While preparing a course, I came across Stendahl’s complaint (in 1963) that the Nestle editions treat Rom 7:25b as belonging to Rom 8. Which made me wonder how that looks on the page, and whether all Nestle editions do so. Stendahl of course used NA25 (1963) or an earlier edition, not NA26 (1979) or later.
It turns out the subdivision was introduced in the 10th Nestle edition (1914), as the bottom of p. 405 may show:
For comparison the same portion in the 9th edition (1912):
Interestingly, NA26 and NA27 (1993) have a major division between 7:25 and 8:1, but still set 7:25b apart as a subparagraph.
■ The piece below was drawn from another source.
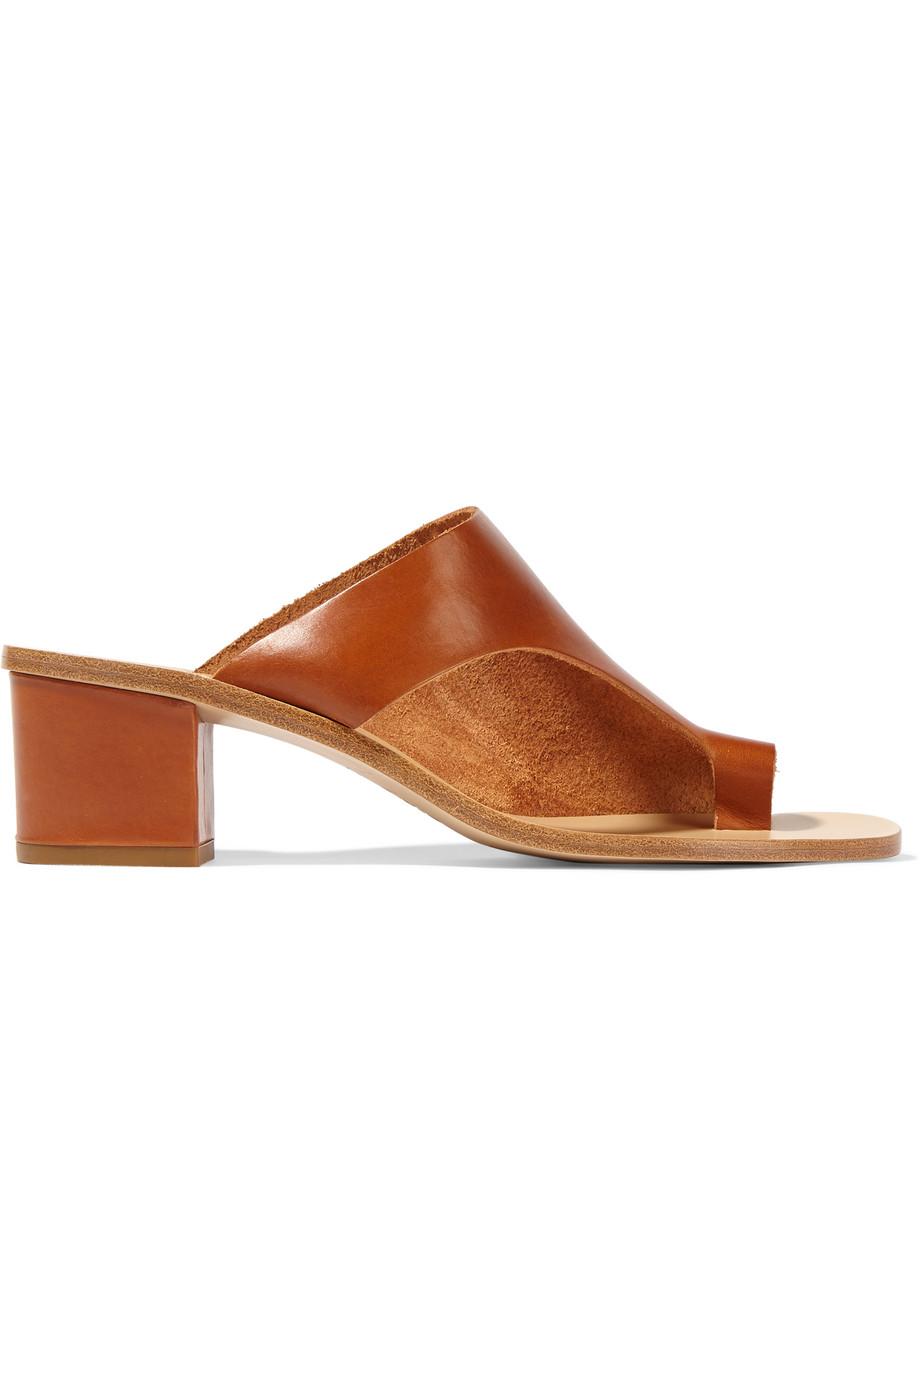 ATP Atelier Cyla Cutout Leather Sandals, Tan, Women's US Size: 9.5, Size: 40

In doing so, these two editions draw even more attention to the conjecture according to which 7:25b is an interpolation. This conjecture was first mentioned in the 16th edition (1936), and attributed to the Dutch pastor Michelsen (1879), but there happens to be an earlier author, namely Peter Aloys Gratz in 1814. It has found support among a good deal of Pauline scholars.
In NA28 (2012), the conjecture is no longer mentioned, and there is no subdivision any more between 7:25a and 7:25b. The only trace still left of these typographical wanderings is the capital letter of the first word of 25b, Ἄρα.
See Krister Stendahl, “The Apostle Paul and the Introspective Conscience of the West,” HTR 56 (1963): pp. 199–215, p. 213 n. 30 (= “The Apostle Paul and the Introspective Conscience of the West,” in Paul among Jews and Gentiles and Other Essays [Minneapolis, MN: Fortress, 1976], pp. 78–96, p. 94 n. 20).